Furthermore, B. cf. microti was found in five out of eight investigated raccoon dogs. To our knowledge, this is the first evidence of a B. cf. microti infection of raccoon dogs in Europe and is in accordance with the idea of sharing the fox parasites, as seen for the gastrointestinal parasites. In this context, the raccoon dog may be seen as additional reservoir of B. cf. microti as already suggested by Han et al. (2010). Contrary to that, the raccoons were negative for this pathogen, although the B. cf. microti species found in Austrian foxes is closely related to those found in raccoons in Japan (Baneth et al. 2015). So, in this case, the same type of pathogen also could circulate among the host species. Unfortunately, the sample size is too low to either confirm or reject this assumption.

No Anaplasmataceae were found, which might have occurred in the raccoons, e.g. the raccoon-associated bacteria Candidatus Neoehrlichia lotoris (CNL) as stated in previous works (Hodžić et al. 2015, 2016). These bacteria were found and described in raccoons from the USA (Yabsley et al. 2008), but recently were accidentally found in foxes from Austria and the Czech Republic (Hodžić et al. 2015, 2016), far away from the US distribution. Likewise, all examined raccoon and raccoon dog samples were free of Trichinella spp., but due to the small sample size, no clear declaration can be made.

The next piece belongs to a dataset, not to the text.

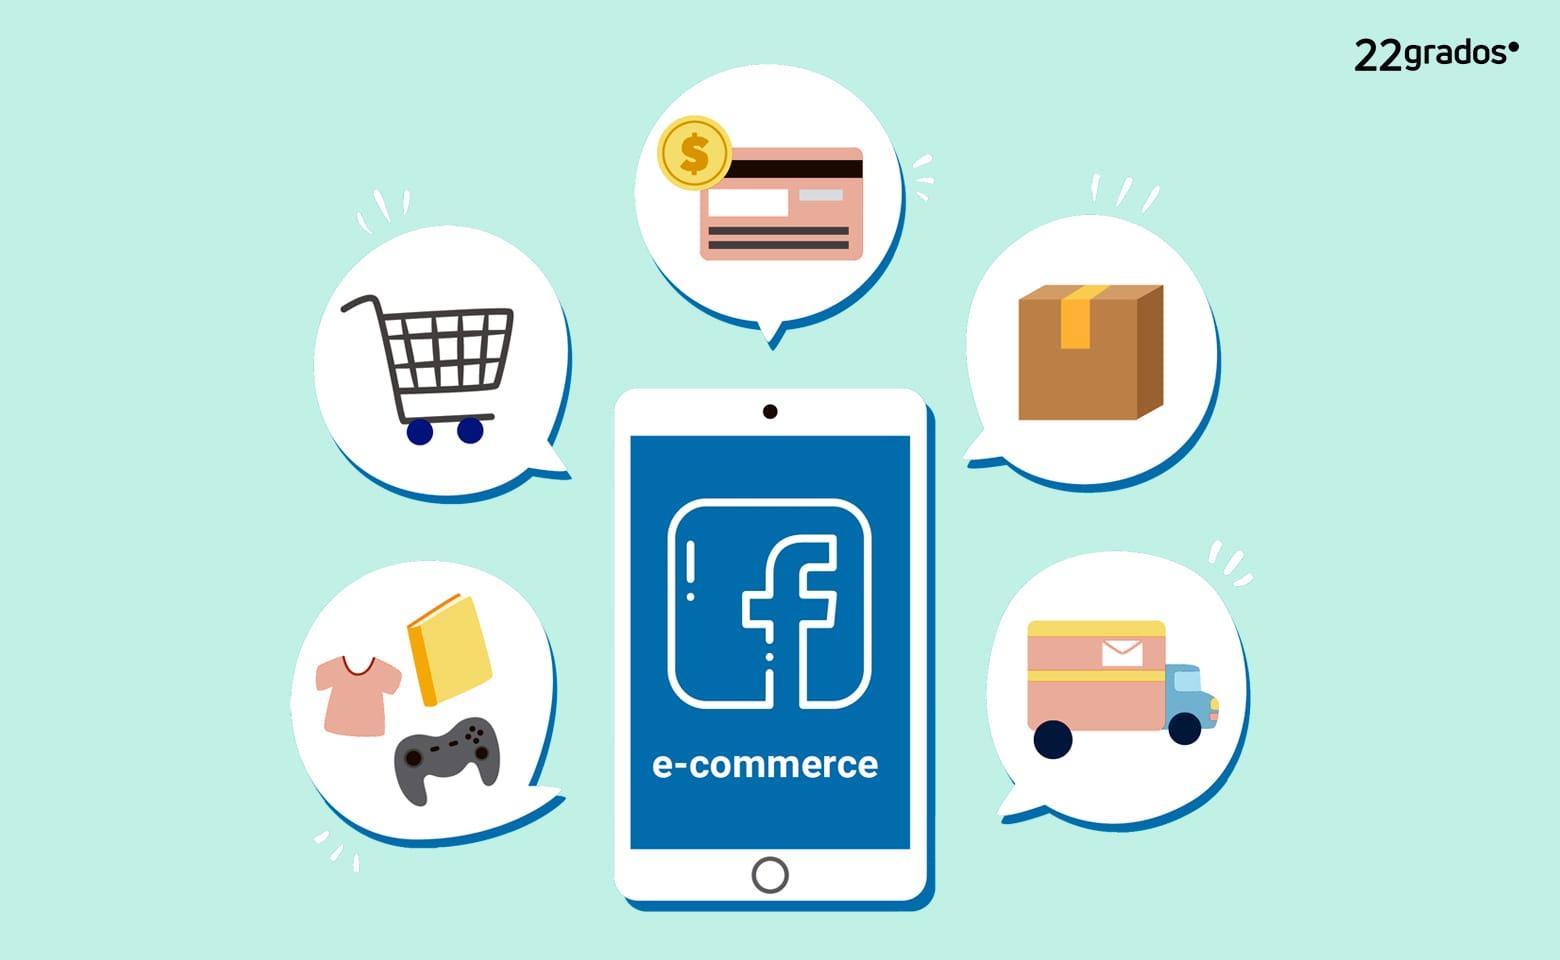 Facebook se lanza al e-commerce

Generally, our examined raccoons were almost pathogen free, which also was observed in other studies within their introduced range (e.g. Schwarz et al. 2015). The idea is that in some regions, introduced raccoons were originating from fur farms and dewormed in regular manner. Thus, geographical differences in the worm prevalence, e.g. B. procyonis, within their introduced range are supposed to depend on the source population (Schwarz et al. 2015; Winter et al. 2005). In opposite to the raccoon dog, the raccoon is not that suitable for fox parasites (Schwarz et al. 2015; Thiess et al. 2001). This might be the explanation for the overall lower prevalence in the investigated raccoons in this study.

Conclusion

Due to the low population densities of the raccoon and the raccoon dog in Austria (Duscher 2016), our sample size is quite low and varying. Nevertheless, our results support the thesis of Michler and Michler (2012) that the epidemiological meaning of the raccoon in Europe is still low. However, a further spread and population increase of this non-indigenous species will obviously lead to an admixture of the different founder populations (Biedrzycka et al. 2014; Fischer et al. 2015), and therewith to a further spread of B. procyonoides as well. In the case of the raccoon dog, our results confirm it as a host of E. multilocularis as well as a probable indicator species of A. alata. As the origins of A. alata positive samples are also the regions with expected high raccoon dog population densities (Duscher and Nopp-Mayr under review), A. alata infections is an increasing risk. Moreover, our study confirms the raccoon dog as an additional host of B. cf. microti with a relevant impact as a reservoir. Concerning its epidemiological impact and facing a further spread in Europe, the raccoon dog should be monitored more intensively in the matters of vector-borne diseases (Sutor et al. 2014).